I have data frame with the first column as a categorical identifier, the second column as a frequency value and the remaining columns as raw data counts. I want to multiply all the count columns by the frequency column but not the first two.

All the raw count columns start with a capital letter followed by a full stop, eg "L.abd", T.xyz etc.

For example, if I use the code:

    require(dplyr)
    ID <- c(1,2,3,4,5,6)
    Freq <- c(0.1,0.2,0.3,0.5,0.1,0.3)
    L.abc <- c(1,1,1,3,1,0)
    L.ABC <- c(0,3,2,4,1,1)
    T.xyz <- c(1,1,1,1,0,1)
    F.ABC <- c(4,5,6,5,3,1)

    df <- as.data.frame(cbind(ID, Freq, L.abc, L.ABC, T.xyz, F.ABC))

    df_new <- df %>% mutate_each(funs(.*Freq), starts_with("L."))        

I can create a new data frame containing the categorical data columns along with those columns starting with "L." which have been multiplied by the corresponding frequency value.

Is there a way to change the "starts_with" command to select all columns that begin with a capital letter and a full stop? My attempts to date using modifications such as "[AZ]." have been unsuccessful.

Thanks in advance

For these cases, matches would be more appropriate

  df %>%
      mutate_each(funs(.*Freq), matches("^[A-Z]\\.", ignore.case=FALSE)) 

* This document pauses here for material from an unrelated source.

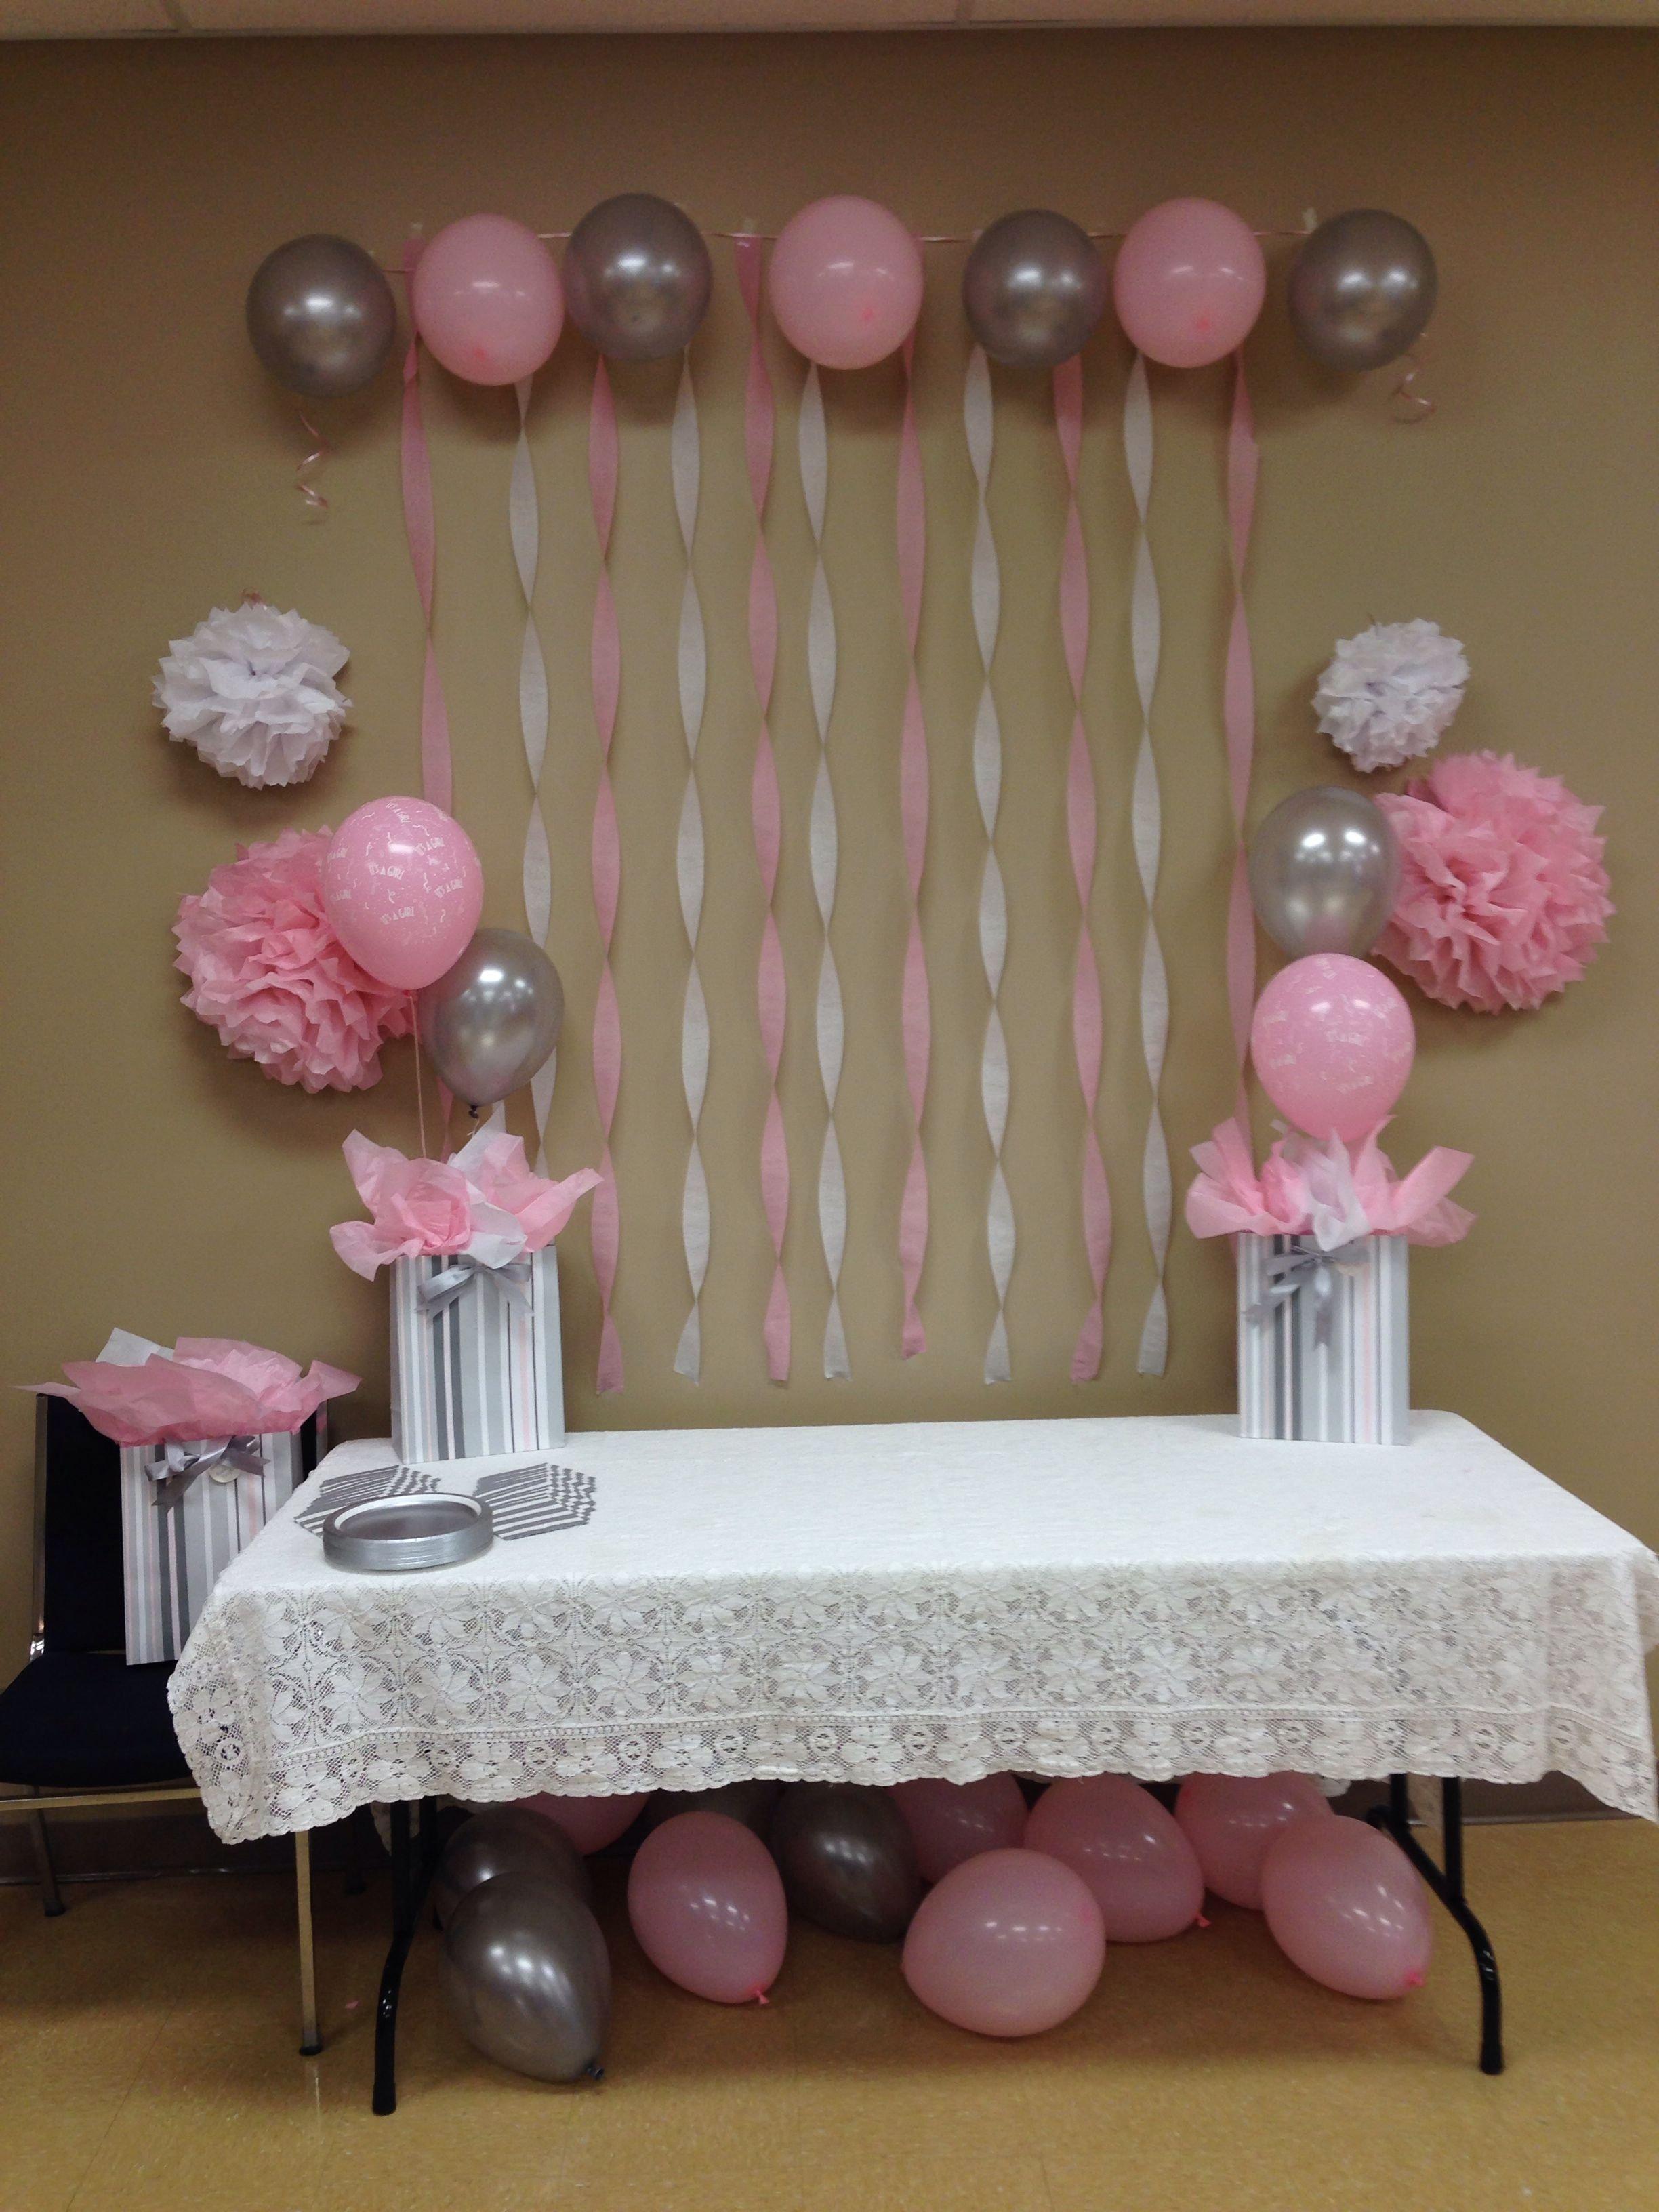 10 Fashionable Baby Girl Baby Shower Ideas light pink grey white baby shower baby shower ideas for girls 2020
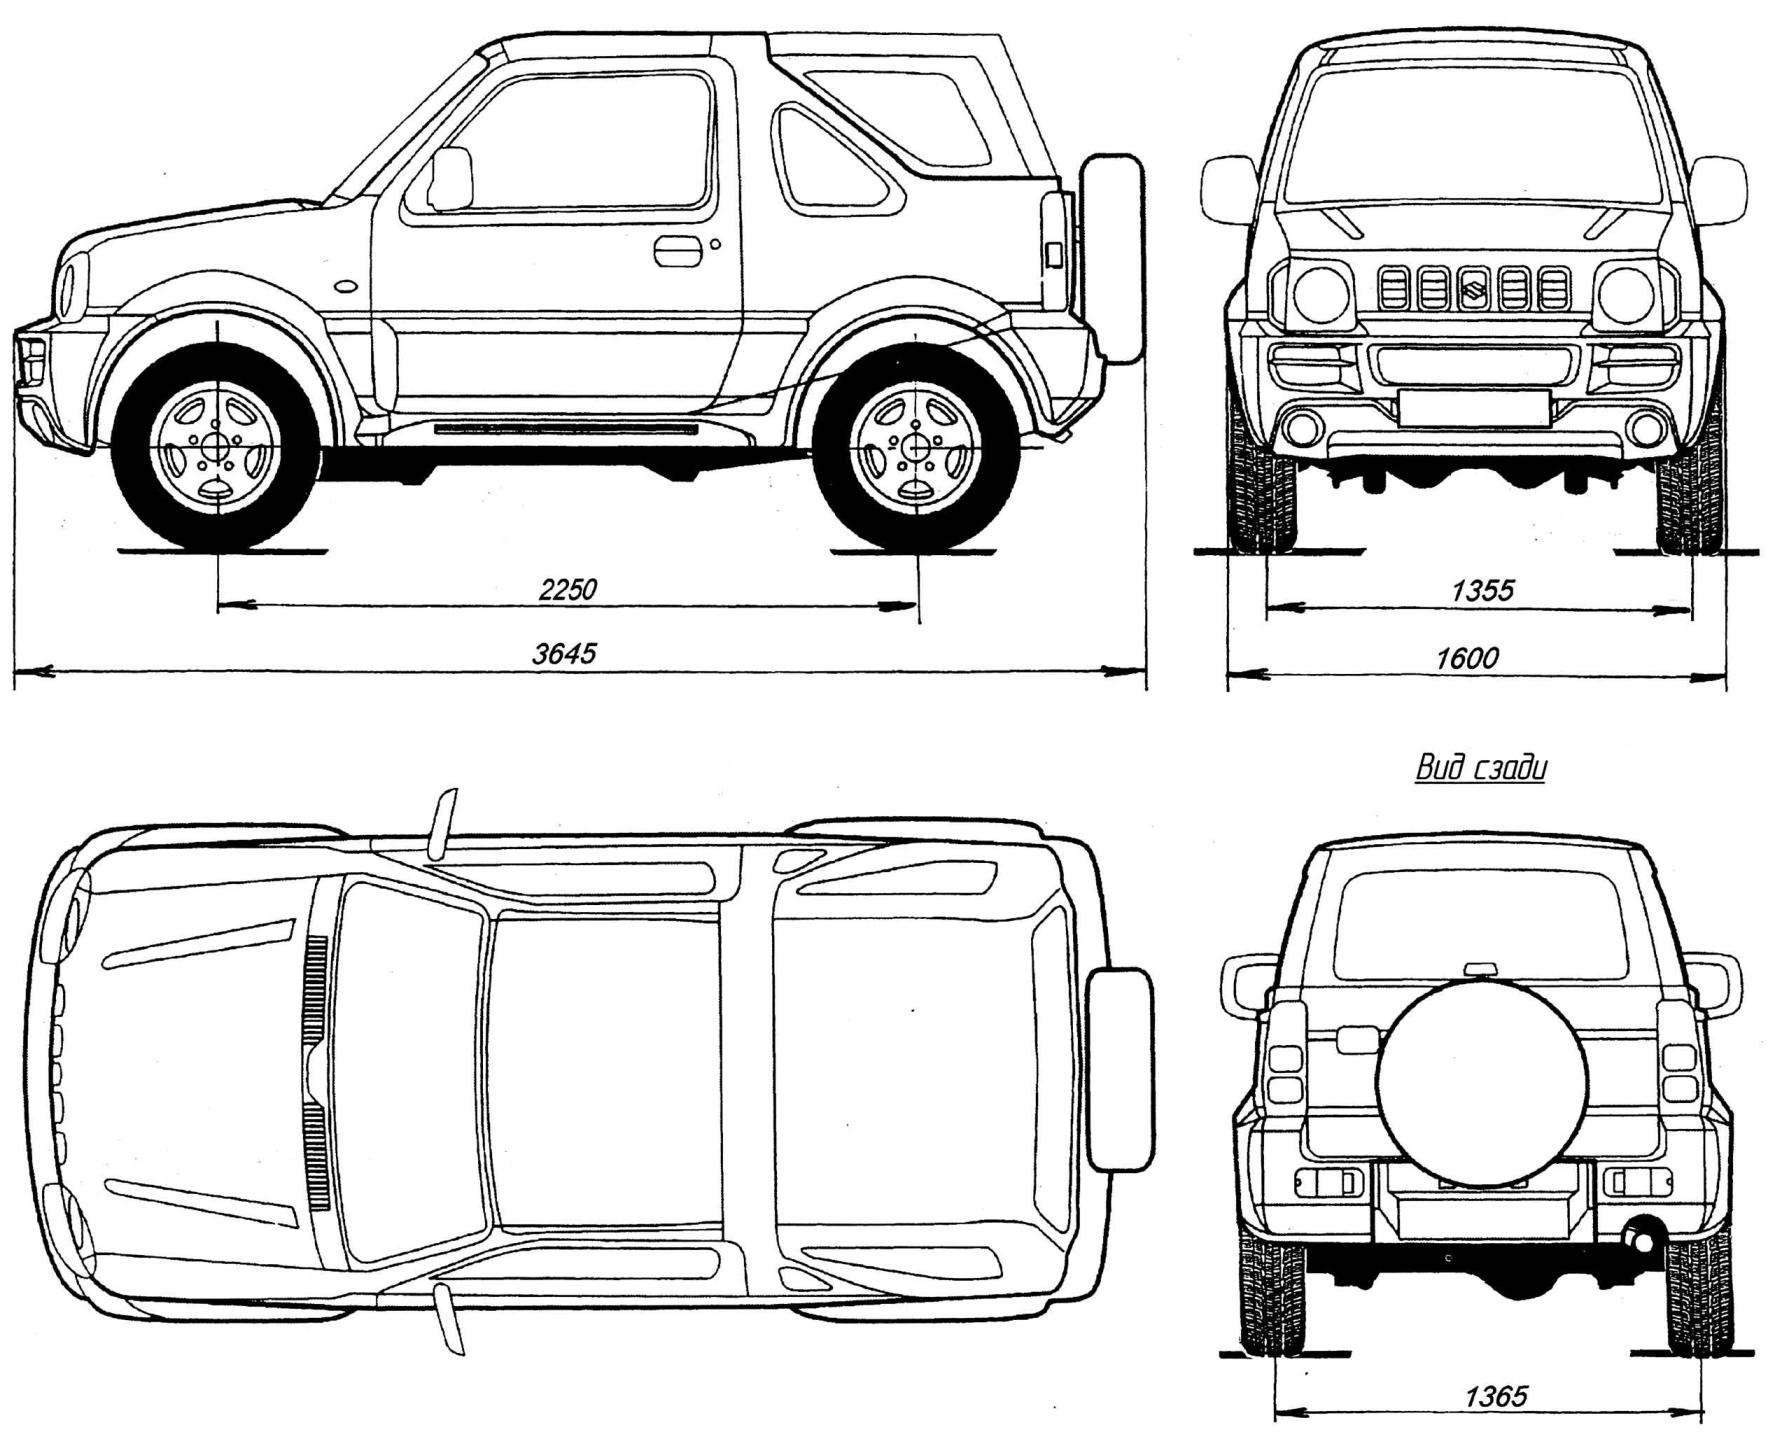 Геометрическая схема Suzuki Jimny Cabrio с кузовом типа «кабриолет»

Here, I am assuming that you wanted to select only column names that start with a capital letter ( ^[AZ] ) followed by a . . We have to escape the . ( \\\\. ), otherwise it will be considered as any single character.

I am not changing anything except in the starts_with part. In the mutate_each if we need to pass a function, it can be passed inside a funs call. In the above code, we are multiplying each of the columns ( . ) selected by the matches with the 'Freq' column.

According to ?select

'matches(x, ignore.case = TRUE)': selects all variables whose name matches the regular expression 'x'

EDIT: Added @docendodiscimus comment's

I just answered a related question from other user, mutate_each will be deprecated in favor of mutate_at .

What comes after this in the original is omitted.